The local currency has been on the back foot in November, breaking through the R18 per dollar barrier for the first time in three months on 12 November when the dollar soared following Donald Trump’s US election win.
In addition, the potential impact of a second Trump administration imposing higher trade tariffs has spooked emerging markets (EMs).
Global oil prices have spiked in November due to the ongoing conflict in the Middle East and an intensification in geopolitical tension after Russia fired intercontinental ballistic missiles at Ukraine.
At the time of writing on 27 November, Brent Crude oil stood at $73 per barrel with the rand trading at R18.15 against the dollar.

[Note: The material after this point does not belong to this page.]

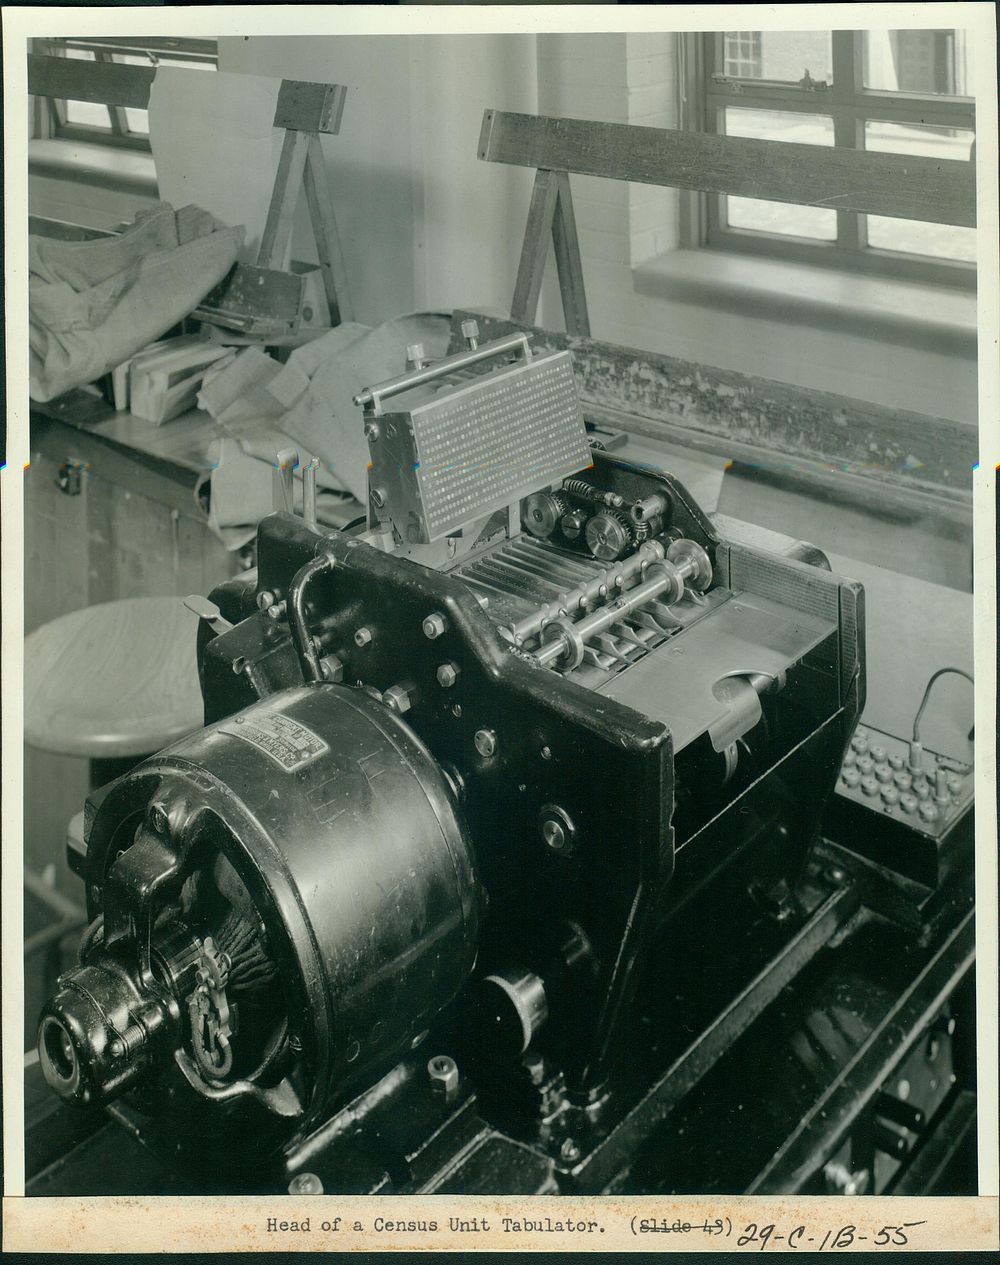 Head of a Census Unit Tabulator, 1940 - 1941. Original public domain image from Flickr

It is important to note that the CEF’s daily snapshots of the basic fuel price do not reflect various other factors, such as slate levy adjustments or retail margin changes whereby the controlled prices are adjusted by the Department of Mineral and Petroleum Resources
Within the total price of fuel domestically, taxes and levies make up 31%, with the general fuel levy (GFL) and Road Accident Fund (RAF) levy accounting for the largest portion.
The RAF levy amounts to R2.18 per litre of the price of petrol and diesel.
GFL, which is limited to about R3.96 per litre for petrol and R3.84 per litre of diesel as of April this year, is one of the government’s main sources of tax income, contributing R95 billion to the fiscus.